Now here is a cheap library carefully selected, by judicious men, and instead of existing only in imagination, is ready for delivery. It cannot be called sectarian; since every volume meets the approbation of men of various sects. Among the officers of the American Sunday School Union, are Methodists, Baptists, Congregationalists, Presbyterians, Episcopalians, Lutherans, and we believe of several other denominations.— Nor can it well be objected that these books are already scattered through the community by means of our Sunday Schools, since not more than one third of our children and youth attend these schools, and not more than one third of that third have access to the books of the 'Union ;' and these, even only once or twice a month; so that unless 5000 books scattered over the whole country among at least 2,500,000 children afford a supply, such an objection can have but little weight.
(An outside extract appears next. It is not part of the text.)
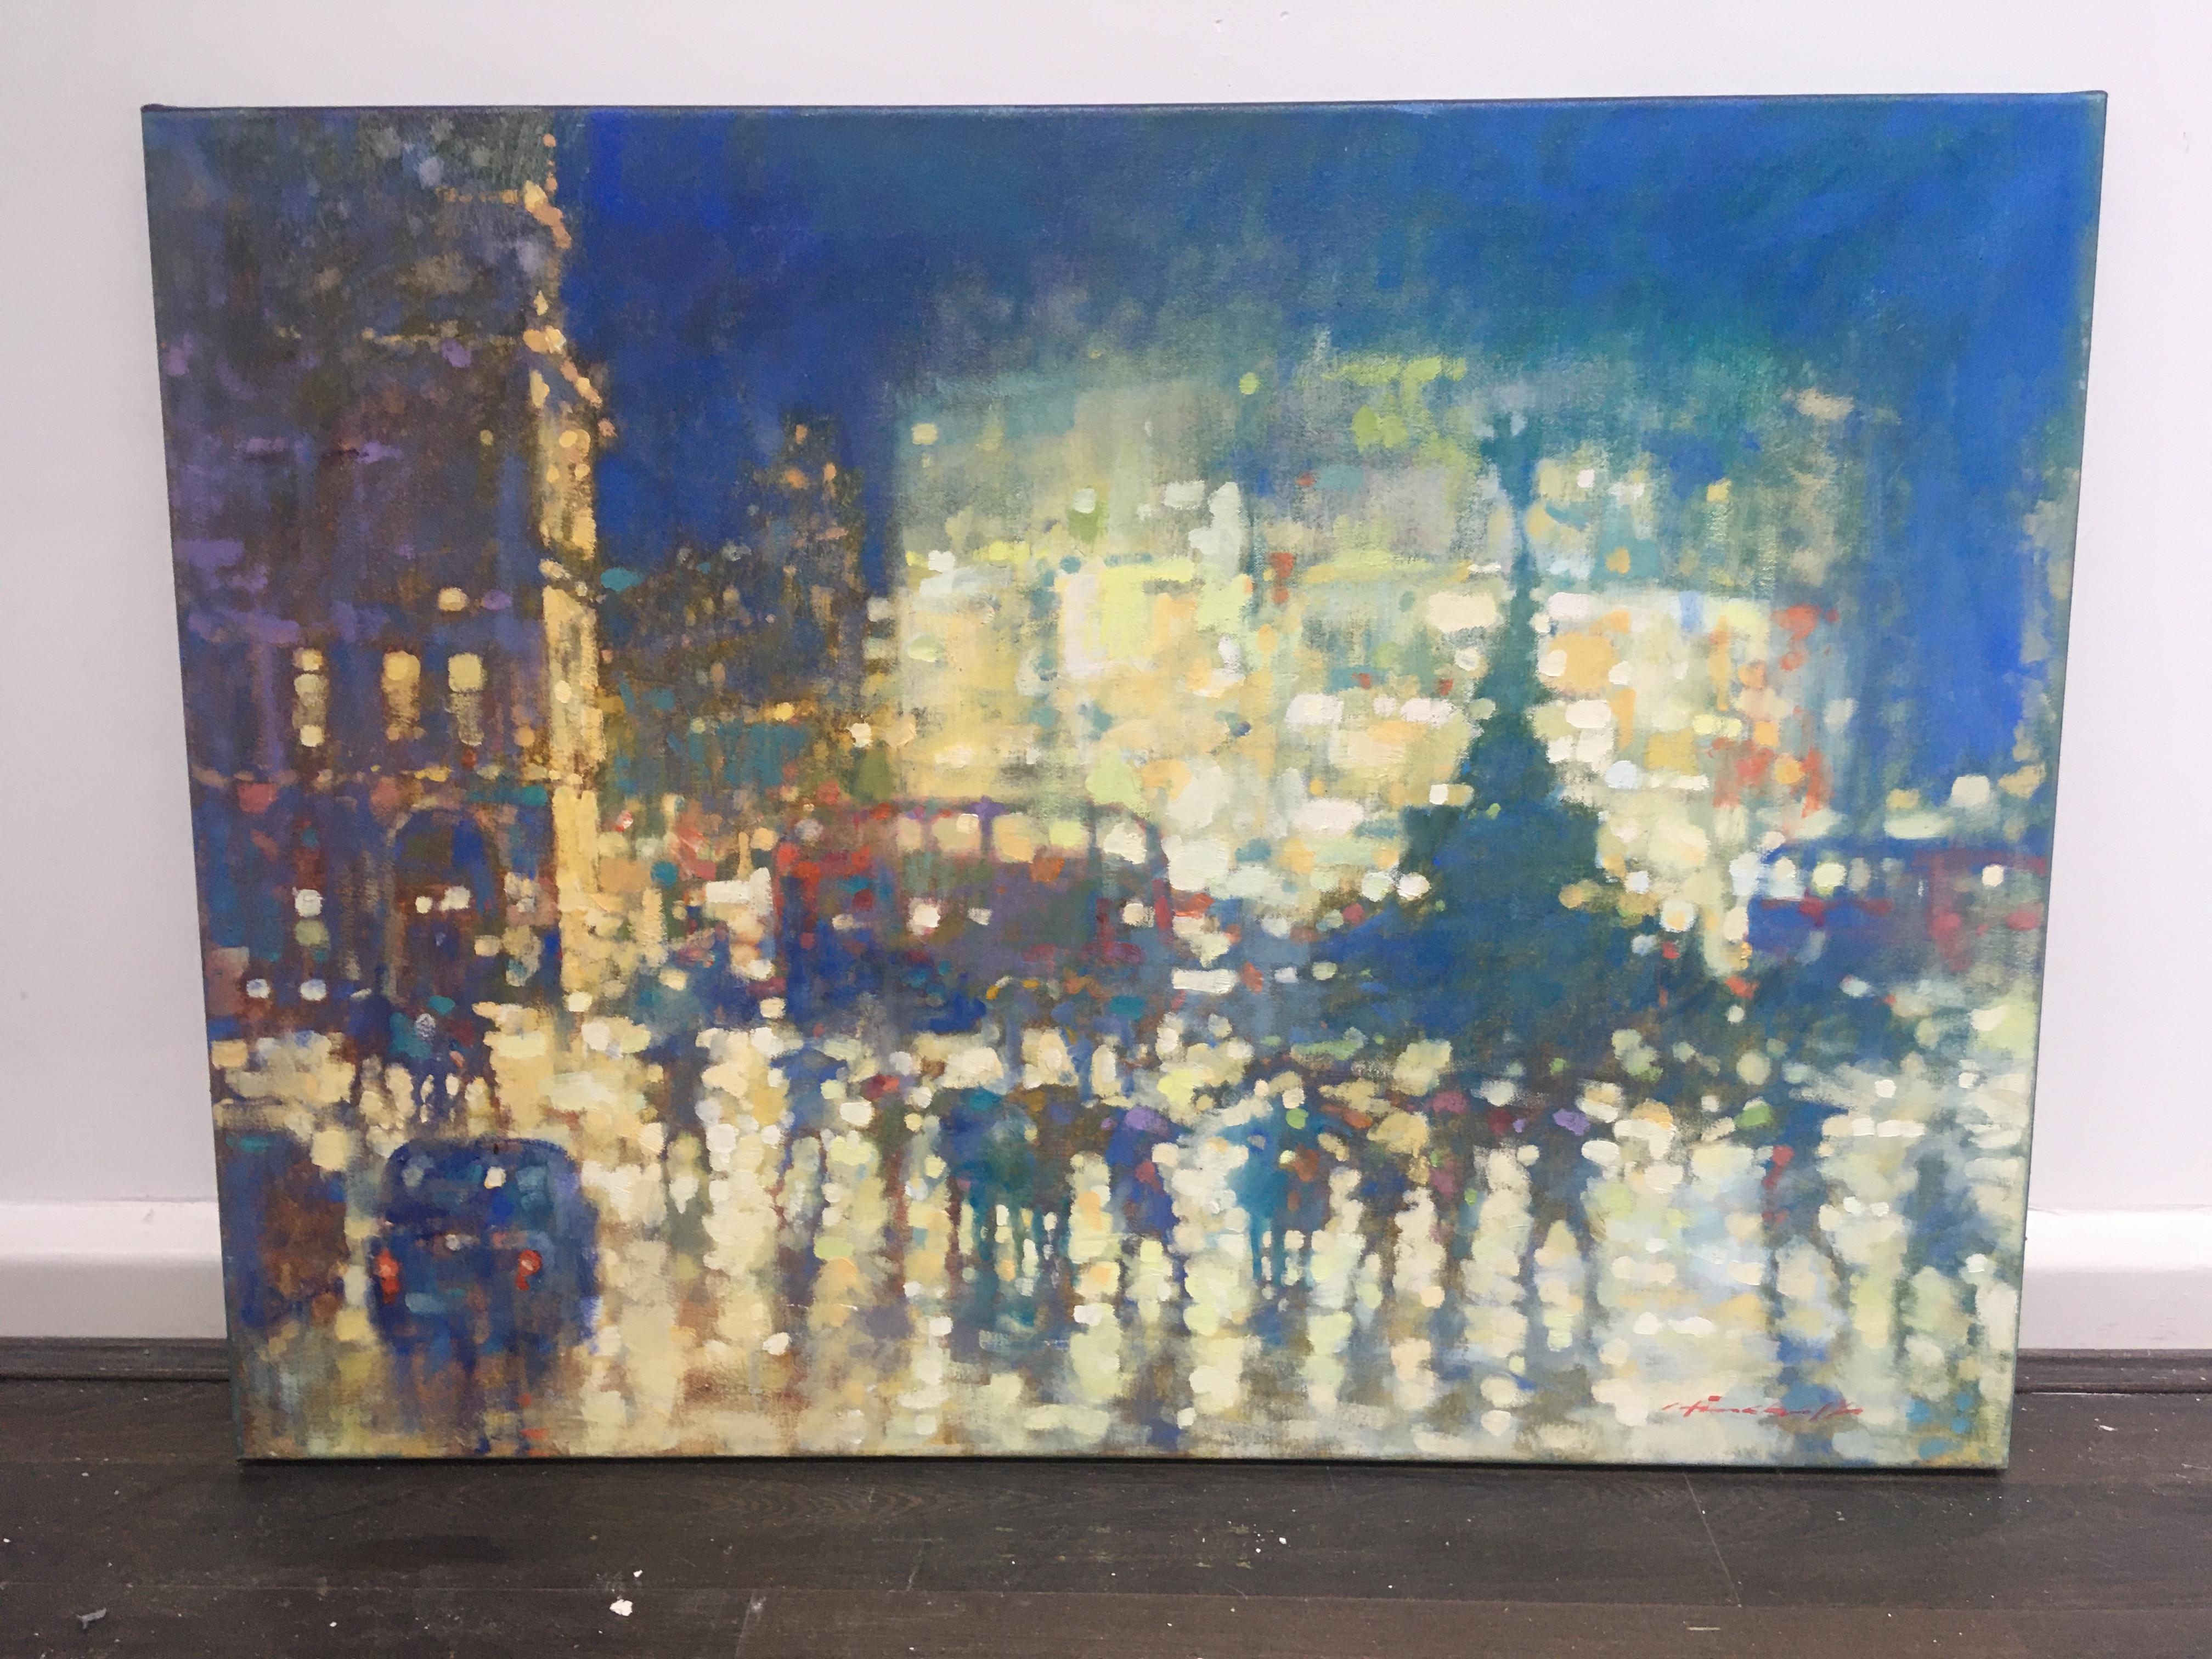 Backlit - contemporary impressionism, night London cityscape oil painting - Painting by David Hinchliffe

And as to any competition with the American Society for the Diffusion of Useful Knowledge, we think, on the contrary, that it will be the best possible means of preparing the way for the volumes which that Society proposes to issue.

We had almost forgotten to say that the plan meets the entire approbation of good and intelligent men of various parties and sects, in various parts of the country,among whom are Bishop Mc Ilvaine of Ohio, Gov.Vroom of New Jersey, Chancellor Walworth of New York, Judge Daggett of Connecticut, Hon. Henry Potter of North Carolina, Hon. Francis S. Key, D. C., and Pres. Olin of Randolph-Macon College.